Critical Unauthenticated Root Vulnerability in Grandstream GXP1600 VoIP Phones
Take action: If you are using Grandstream GXP1600 phones, plan a quick update to firmware 1.0.7.81. As a first step, make sure to isolate VoIP hardware on a dedicated, firewalled VLAN and confirm that management interfaces are not reachable from untrusted networks.
Learn More
Grandstream GXP1600 series VoIP phones are vulnerable to a critical security flaw that allows unauthenticated attackers to take full control of the devices.
The flaw is tracked as CVE-2026-2329 (CVSS score 9.3), An unauthenticated stack-based buffer overflow in the /cgi-bin/api.values.get endpoint of the gs_web binary of the web-based API service which is enabled by default.
The vulnerability occurs because the application fails to perform length checks when copying the 'request' parameter into a 64-byte stack buffer. Attackers can trigger the overflow multiple times using colon-delimited identifiers to write null bytes and construct a Return Oriented Programming (ROP) chain.

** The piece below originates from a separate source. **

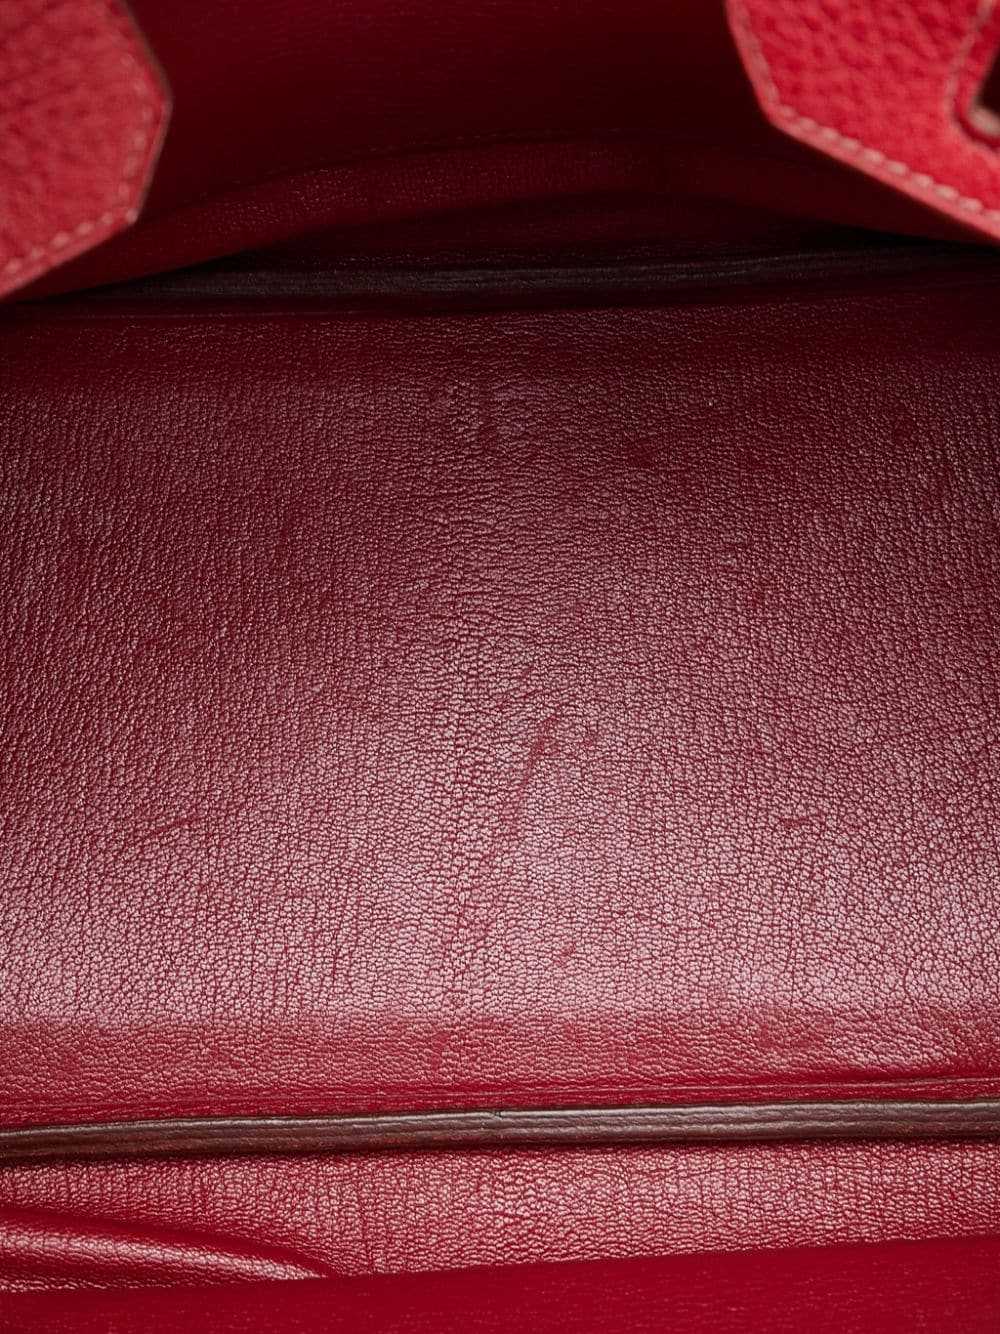 Hermès Pre-Owned pre-owned Birkin 30 handbag - Red - image 5
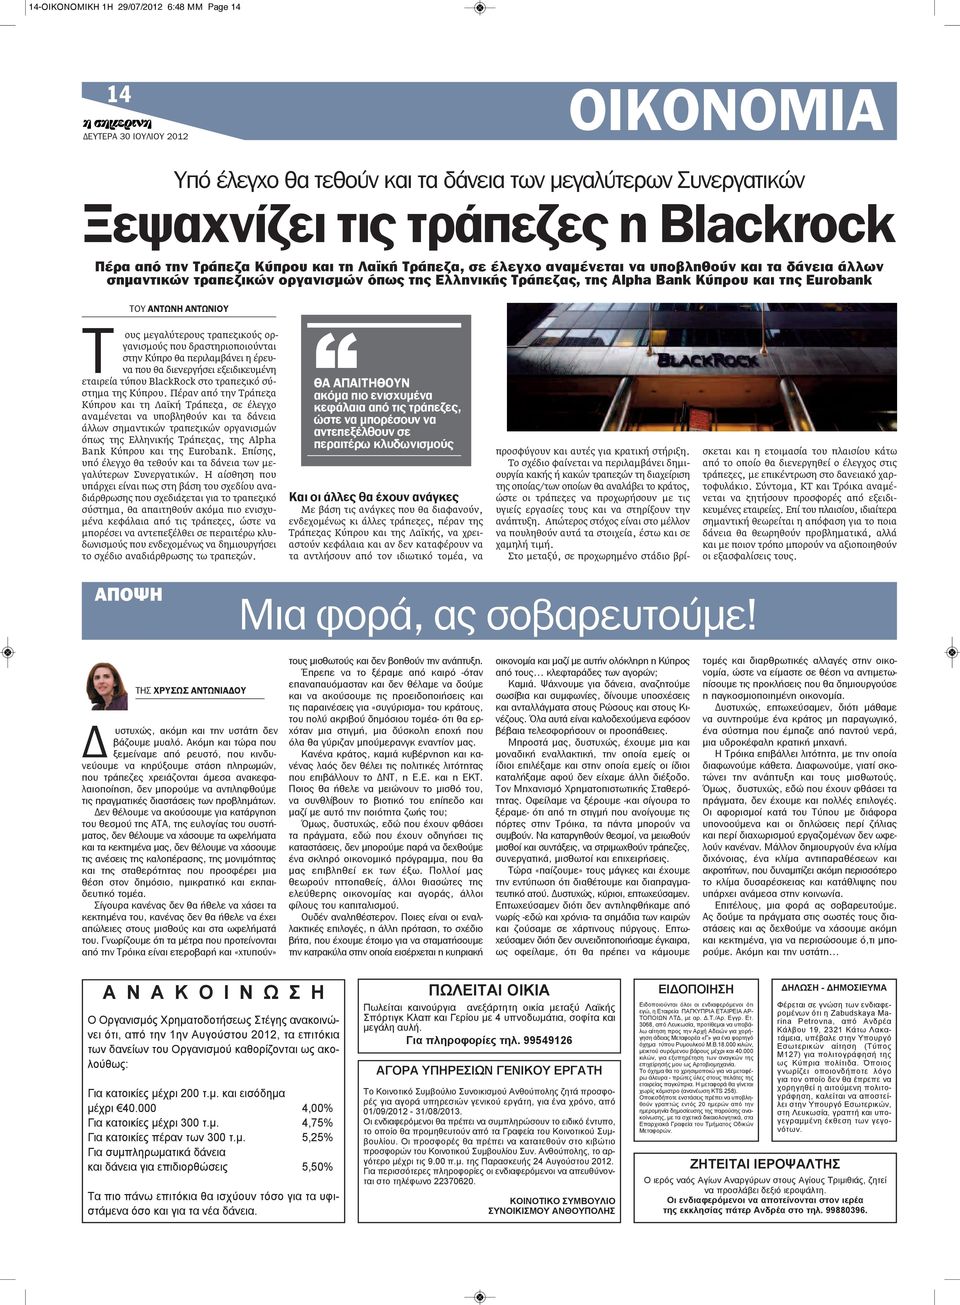 μεγαλύτερους τραπεζικούς οργανισμούς που δραστηριοποιούνται στην Κύπρο θα περιλαμβάνει η έρευνα που θα διενεργήσει εξειδικευμένη εταιρεία τύπου BlackRock στο τραπεζικό σύστημα της Κύπρου.

Rapid7 researchers discovered that the flaw allows for remote code execution with root privileges. Because these devices are often trusted and rarely audited, they represent a significant risk for long-term persistence and lateral movement.
This vulnerability affects the entire Grandstream GXP1600 series, including models GXP1610, GXP1615, GXP1620, GXP1625, GXP1628, and GXP1630.
All models share a common firmware image, making them equally susceptible if they are running version 1.0.7.79 or earlier.
Grandstream released firmware version 1.0.7.81, which implements bounds checking to prevent the overflow. Organizations should immediately update all affected handsets to the latest version available on the Grandstream firmware page and should ensure that VoIP management interfaces are isolated on dedicated administrative VLANs and are never exposed to the public internet.